Routing is often viewed as something simple–you build a PoP, buy a router, get BGP table from each provider, install routers to FIB, and the servers use default gateway out. But Fastly went in another direction, building their PoPs using switches, then reflecting BGP down to servers and injecting multipath routes into FIB.
The limitation of using a switch is that it doesn’t have enough FIB space to inject routes into, but it is capable of receiving routes that it can then send to the servers. What Fastly did was implement a distributed system that spreads around network configuration, allowing the servers to offload traffic into separate providers individually. Routers, on the other hand, don’t do this and will only give you a single path.
Routers always choose a best path, but that depends on what kind of traffic you have. A video might benefit from a different path, not just best RTT, which is something to keep in mind when choosing or building your CDN.
When choosing a CDN, it is also important to keep security in mind. The nature of DDoS attacks involves an attacker who has more bandwidth than you, sending tons of packets your way to crash your servers.

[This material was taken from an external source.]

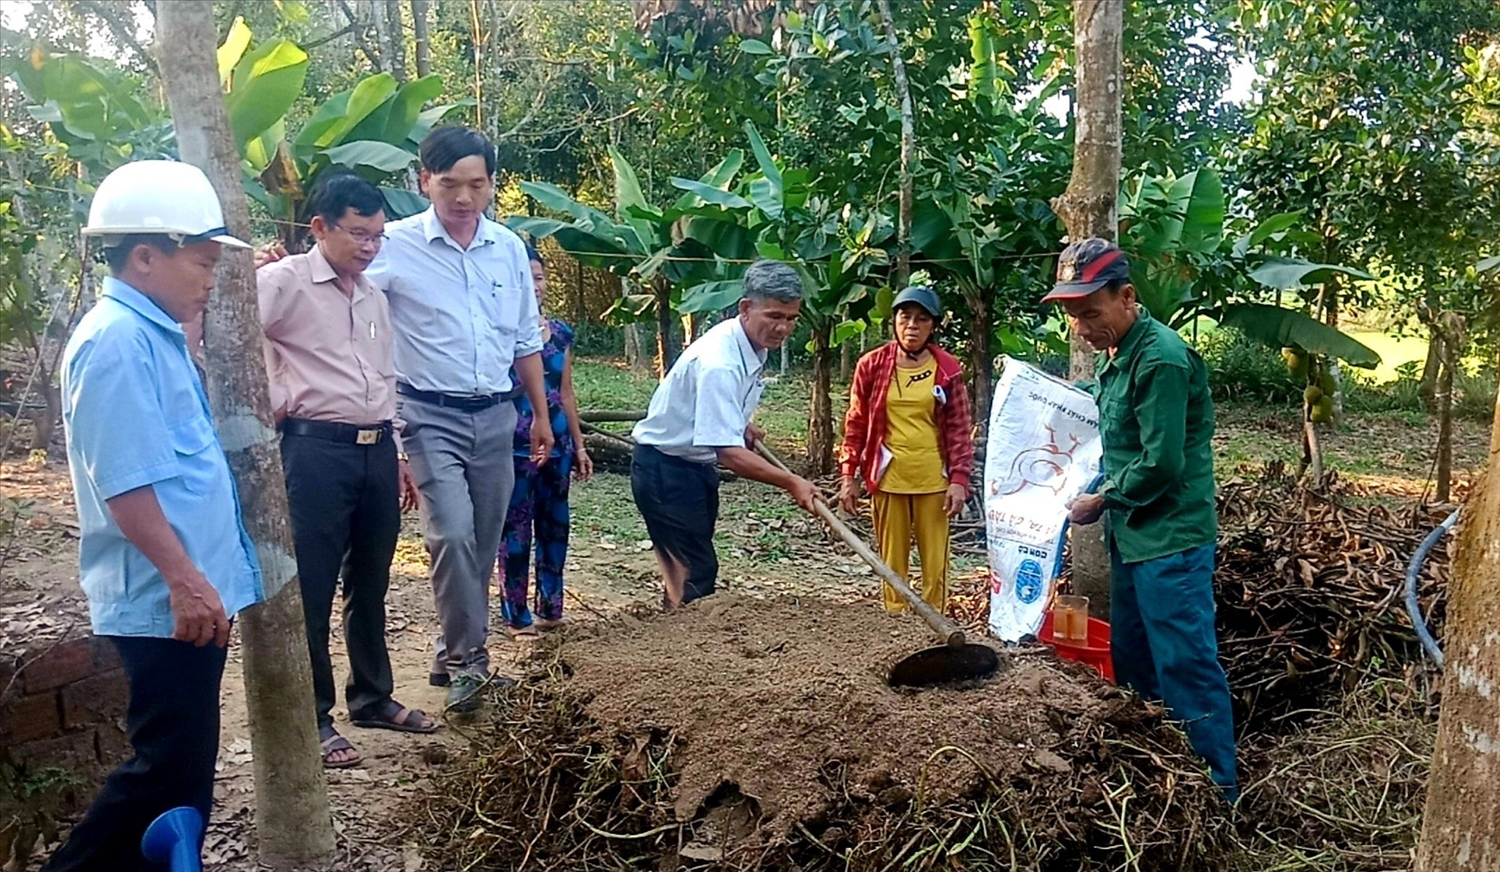 Cán bộ kỹ thuật nông nghiệp huyện Nông Sơn và khuyến nông viên cơ sở hướng dẫn nông dân chế biến phụ phẩm nông nghiệp thành phân hữu cơ bón cho cây trồng. Ảnh: M.N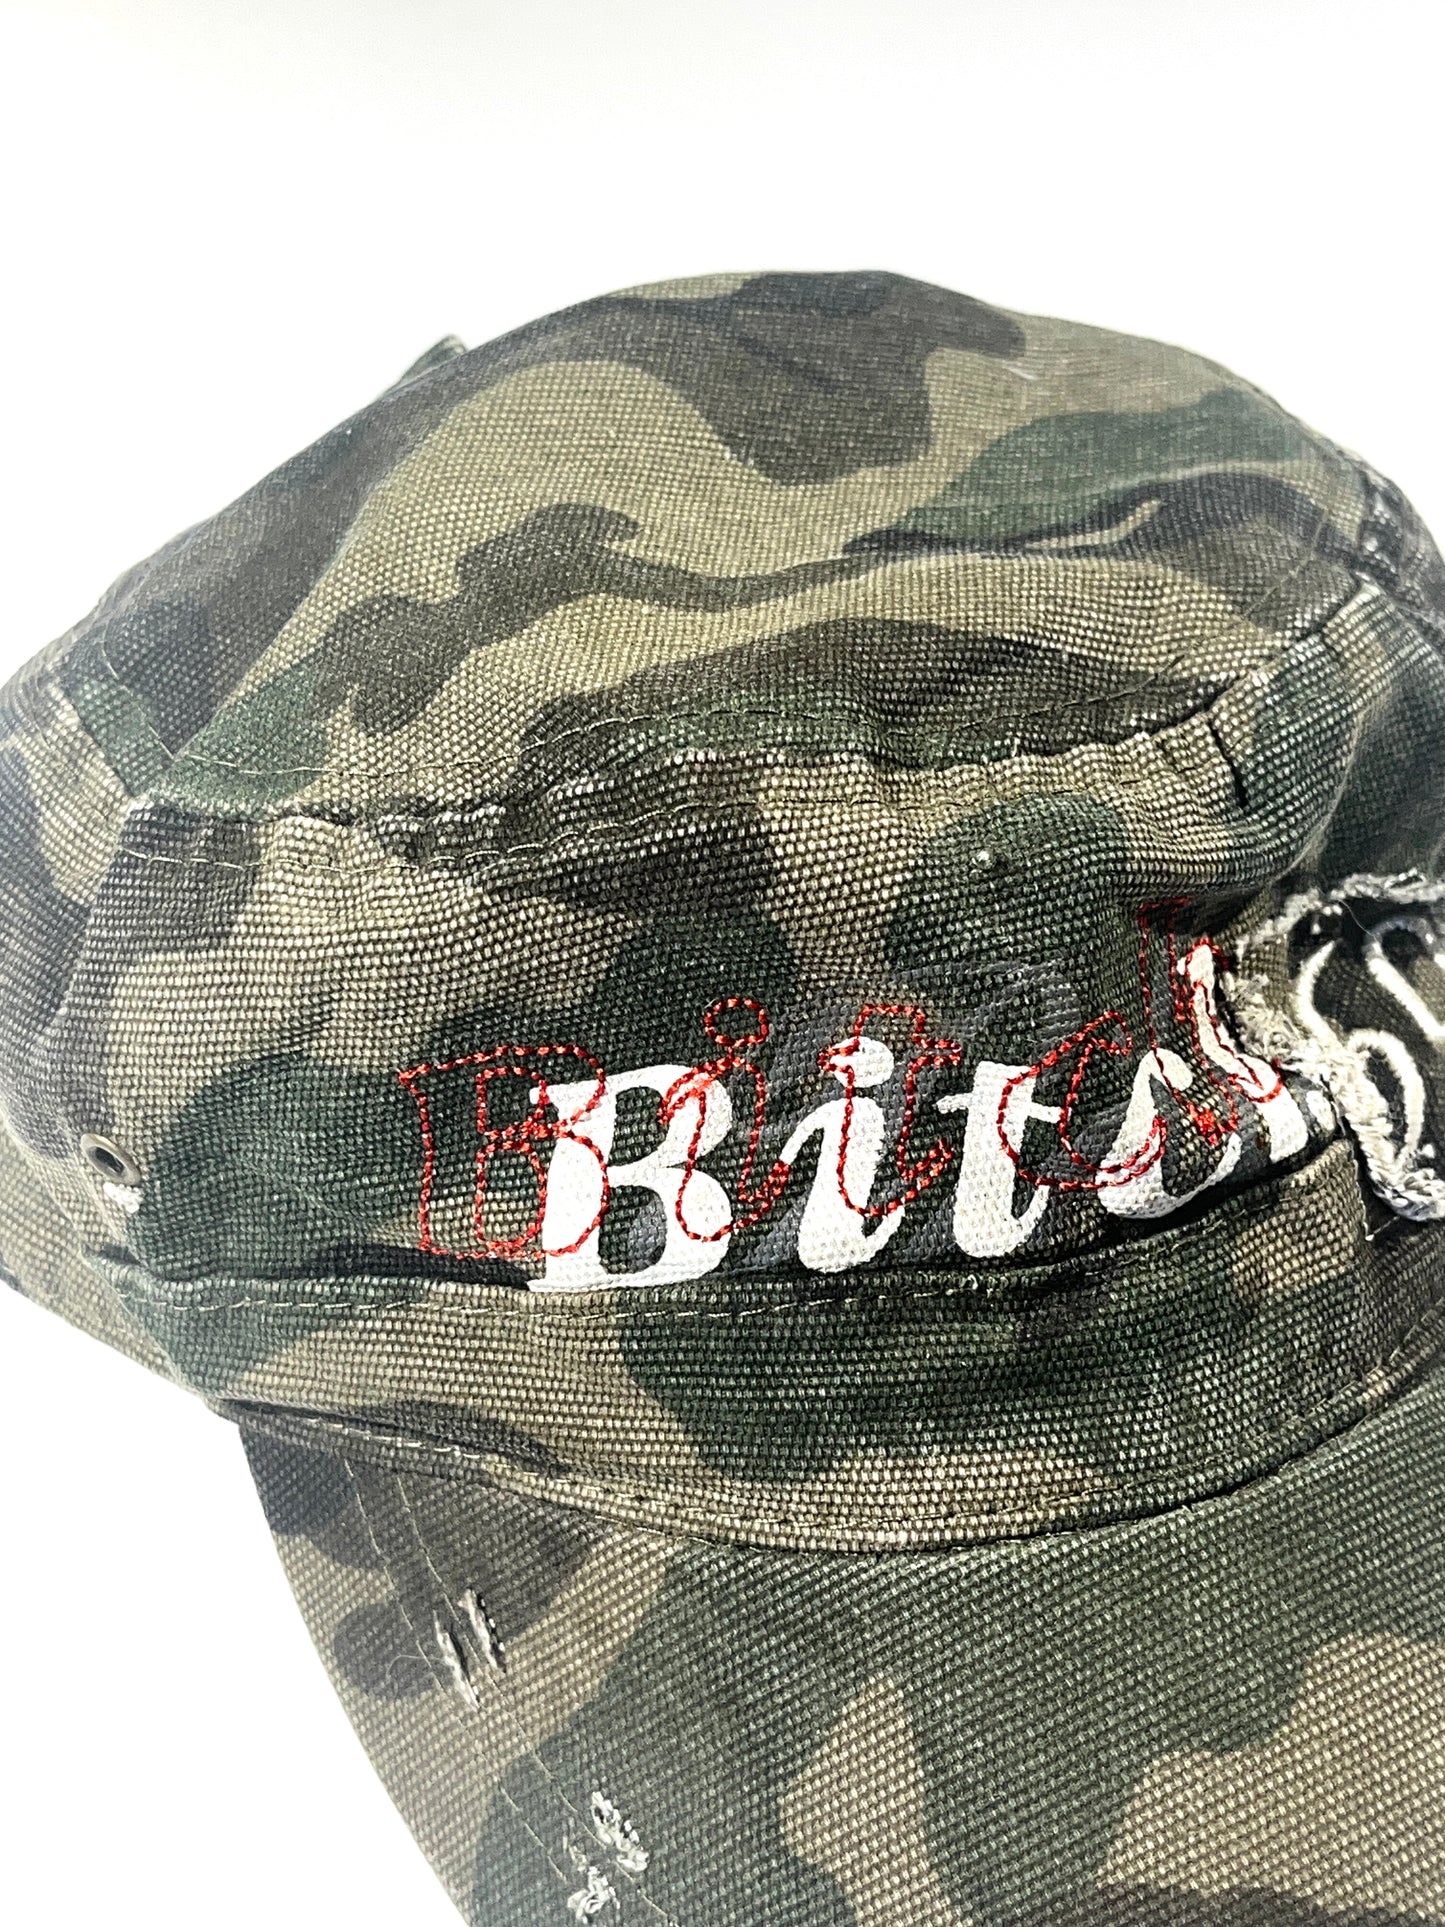 Vintage Bitch Hat Bitch 69 Cap

In order to help combat these attackers, there are BGP communities out there that tag routes, which you can use to tell your provider to withdraw routes that have been compromised. The attacker may control the edge route, but not necessarily the routing infrastructure.
This is another one of those instances where CDN marketing can get you in trouble. For instance, when it comes to security, bandwidth is meaningless without context. If it’s spread out across the world, then it doesn’t help you with certain issues, especially DDoS attacks
If your CDN can’t do things like arbitrarly route injection, remote triggered black holes, policy updates and so on, your network becomes much more vulnerable. Adding on a lack of consistency, a non-synchronous system and no global connections, you become seriously compromised.
Fastly, has logically centralized policy, distributed system from which all routing policy emanates. Operators only interact with one policy, and when that is shifted it pushes everywhere at the same time, which helps them to better protect themselves across all fronts.
The fundamental theme of the Fastly network proves to be resource pooling–taking a collection of resources and making them act as one.
- Load Balancing: pool of servers
- Routing : pool of providers
- Mitigation: pool of PoPs
For instance, when you contact Fastly PoPs, it looks like an IP, but that is pooling from a number of PoPs. The same happens with routing when they mirror down providers to the host like they are one link. Same with mitigation, take something that works in isolation and use it together against a common threat.
And while this works for Fastly, no one else can really do this from scratch, because once you go down a path it’s too hard and expensive to do anything else.
What traditional CDNs have been offering is a general purpose service, but with single use architecture. To them, networking was only meant to be a sunk cost and if you ever need to change anything, things get expensive and complicated. With Fastly, though, you can redefine your network based on your specific needs, because when it comes down to it–it’s all just software.